I have heard of such places for beer and wine, I'm not sure how common they are though. I'm sure the legal issues vary state by state.
 
Curious how things work in other parts of the county.

I know a lot of LHBS's have classes for beginners, and for all grain etc. I'm curious ir there is a home brew location where a patron could brew, ferment, and bottle, using store owned equipment. anyone ever heard of such a thing, or know what the legal issues would be with this?

Sure, those are called "brew on premises" (BOPs).

In some states, they are pretty common. I believe that is how one of our moderators, Pappers, started brewing in the Chicago area some years ago.

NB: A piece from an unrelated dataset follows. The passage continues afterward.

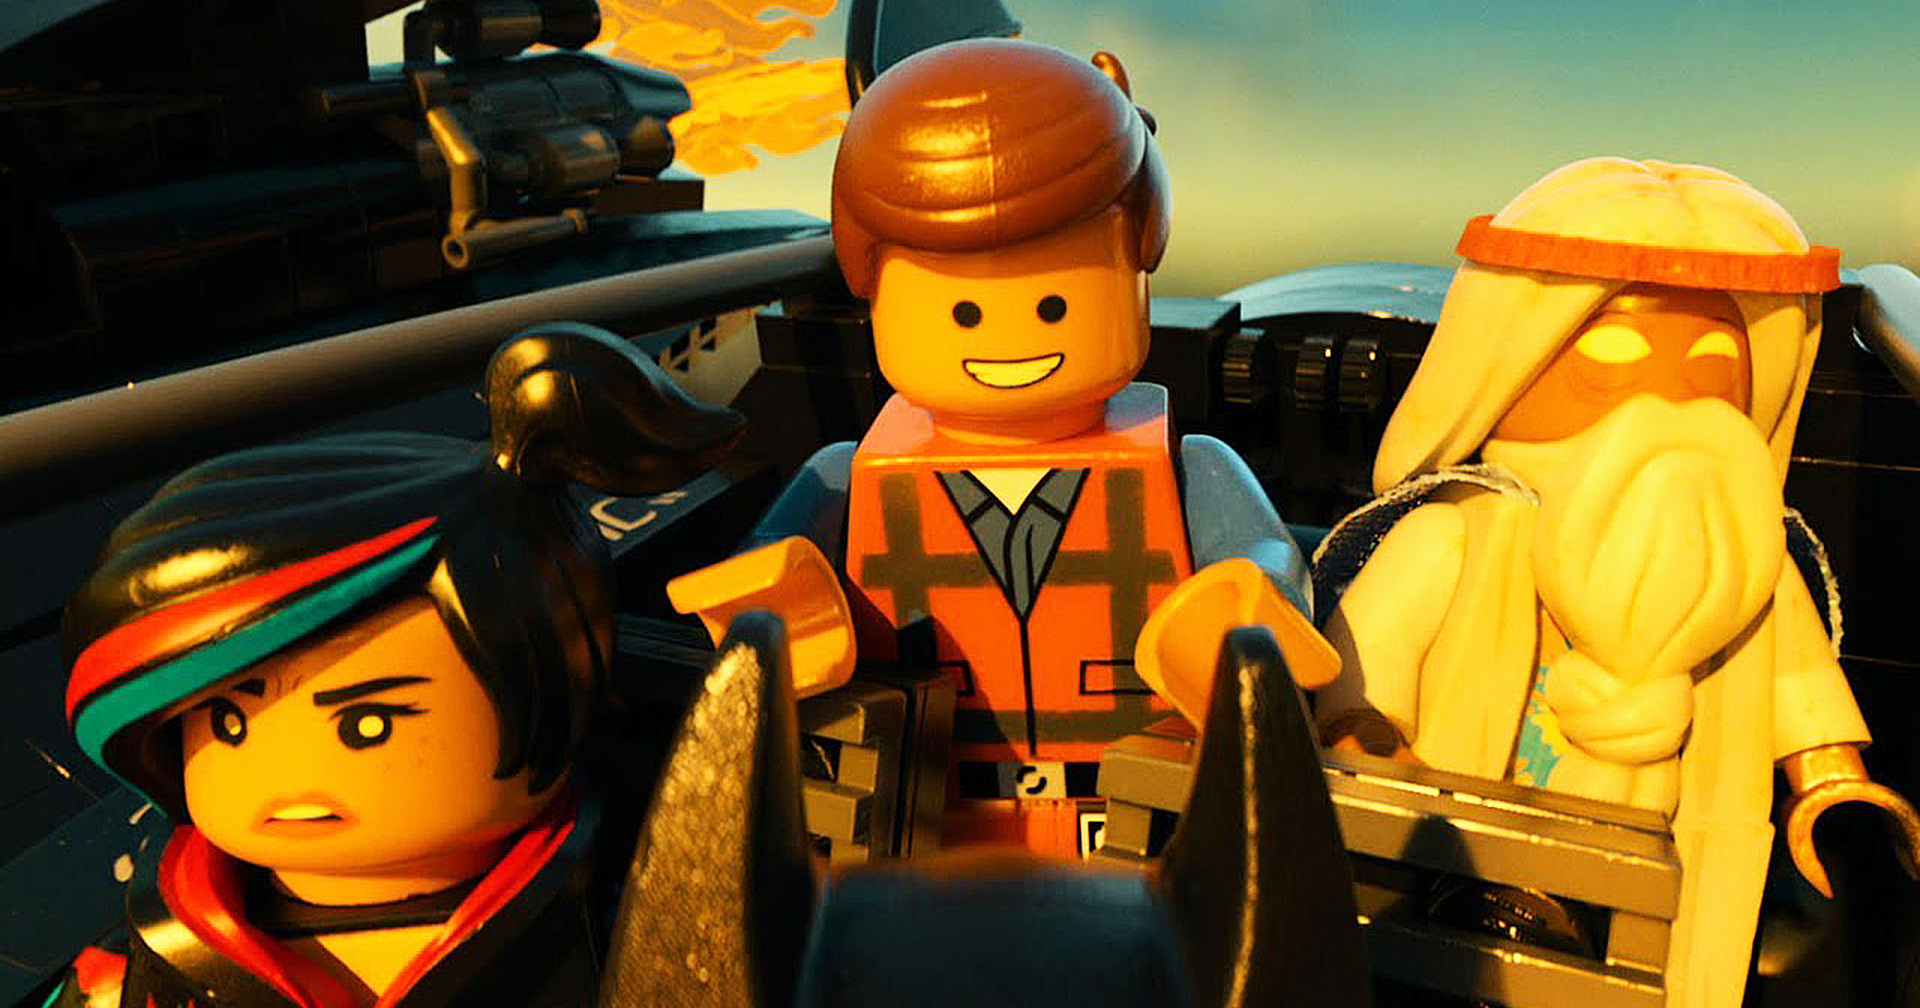 ภาพยนตร์แอนิเมชัน ‘LEGO’ เรื่องใหม่เริ่มเดินหน้า หลัง Universal ซื้อสิทธิมาจาก Warner Bros.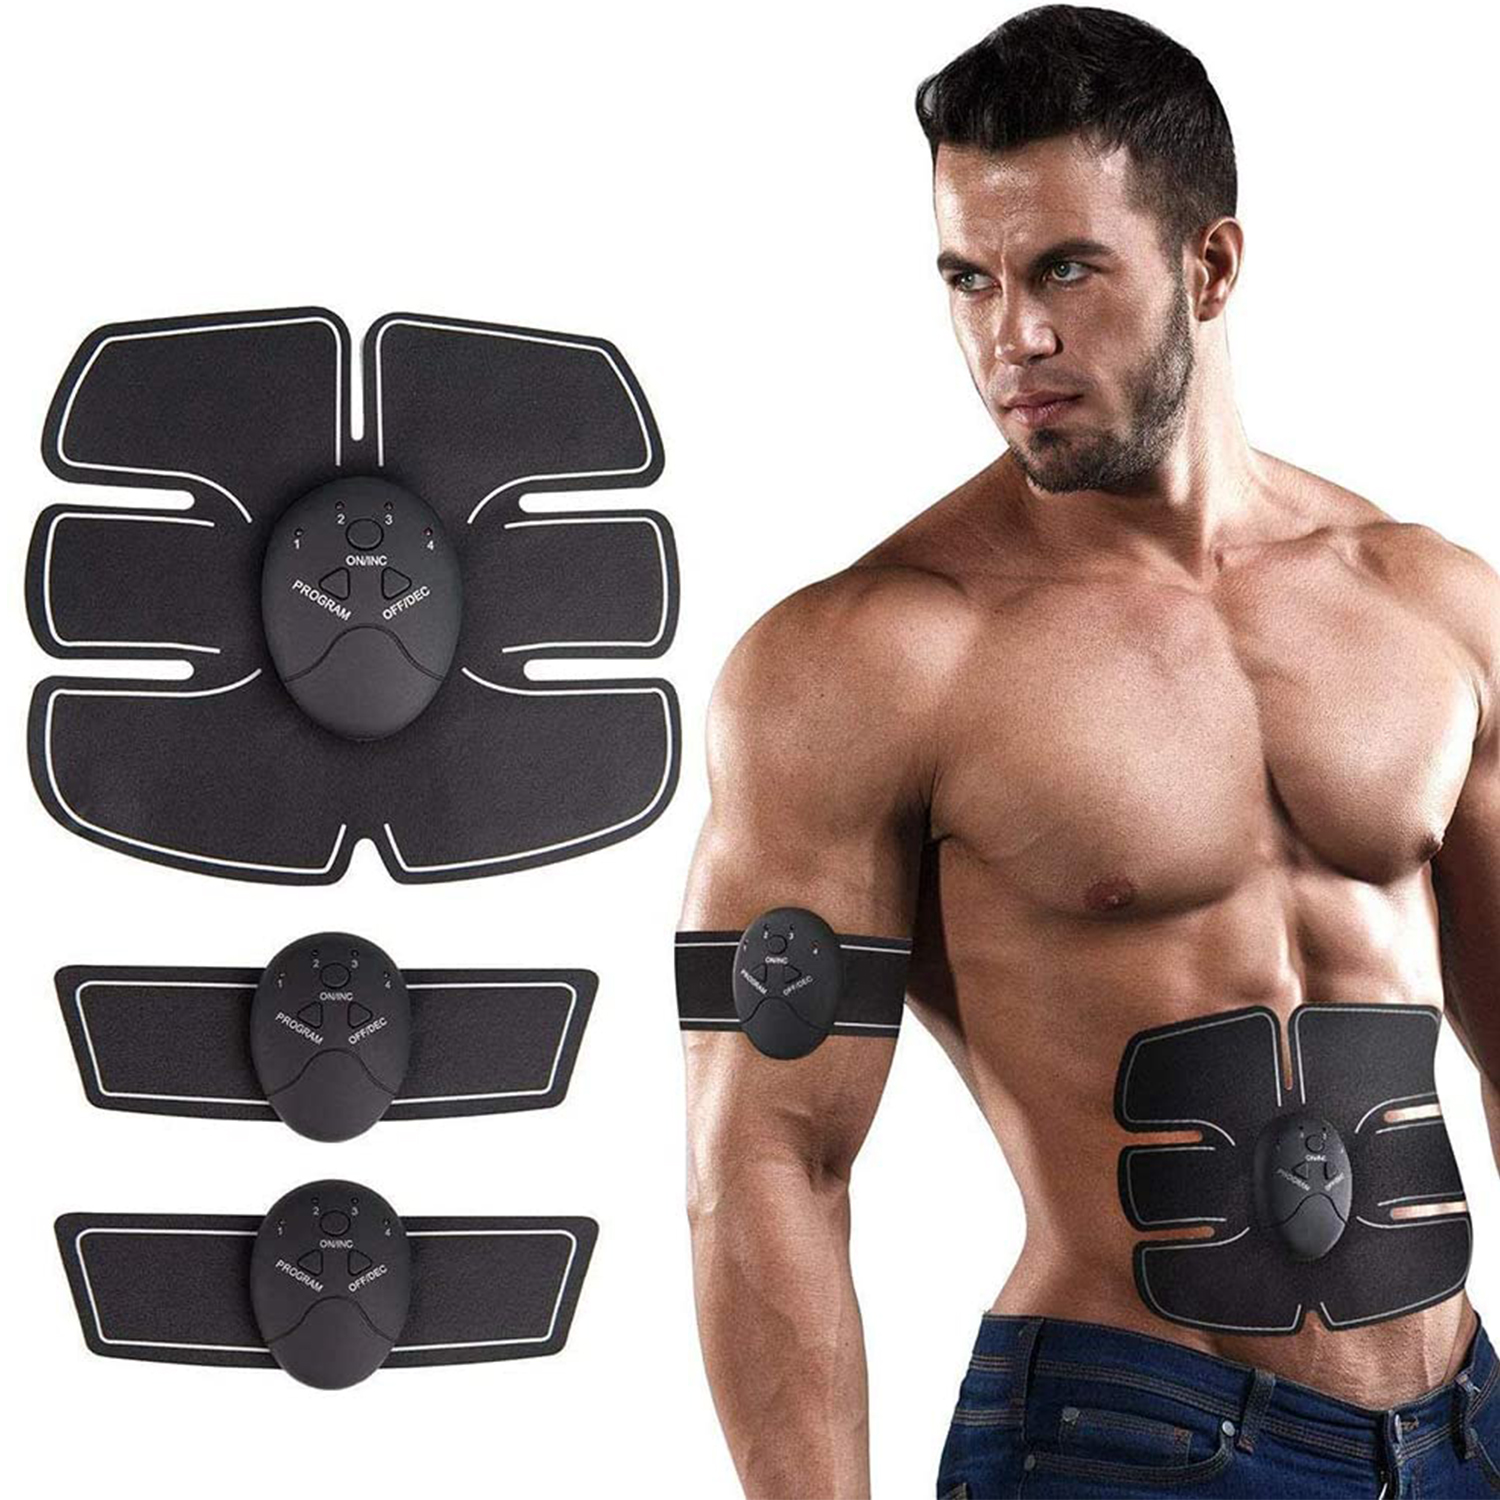 Electro estimulador Muscular - tonifica abdominales brazos Fitness Otros

In some BOPs, they even rack the beer for you, and you show up on bottling day to bottle.
 
There's a place in town here that does exactly that. It's pricey though. It might be worth doing once to get your feet wet but I just assume go to a lhbs's national homebrew day brew off and learn that way from real homebrews that don't have all the fancy equipment. Then spend the $150, or whatever brew-on-premises costs, and put it towards your gear if homebrewing is something you really want to get into.
 
The nice thing about it, from what I have seen of the wine-on-premises places I have been in, is that they have really big kitchen-type facilities, work tables, sinks, etc. It looks like they make it pretty easy to just do the fun parts.
 
I'm originally from NH. I know there were a couple of places that let you use their equipment and brew 5 gallon batches. You could ferment, bottle and then come back and pick up your fine brew. They offered classes and also sold all of the ingredients.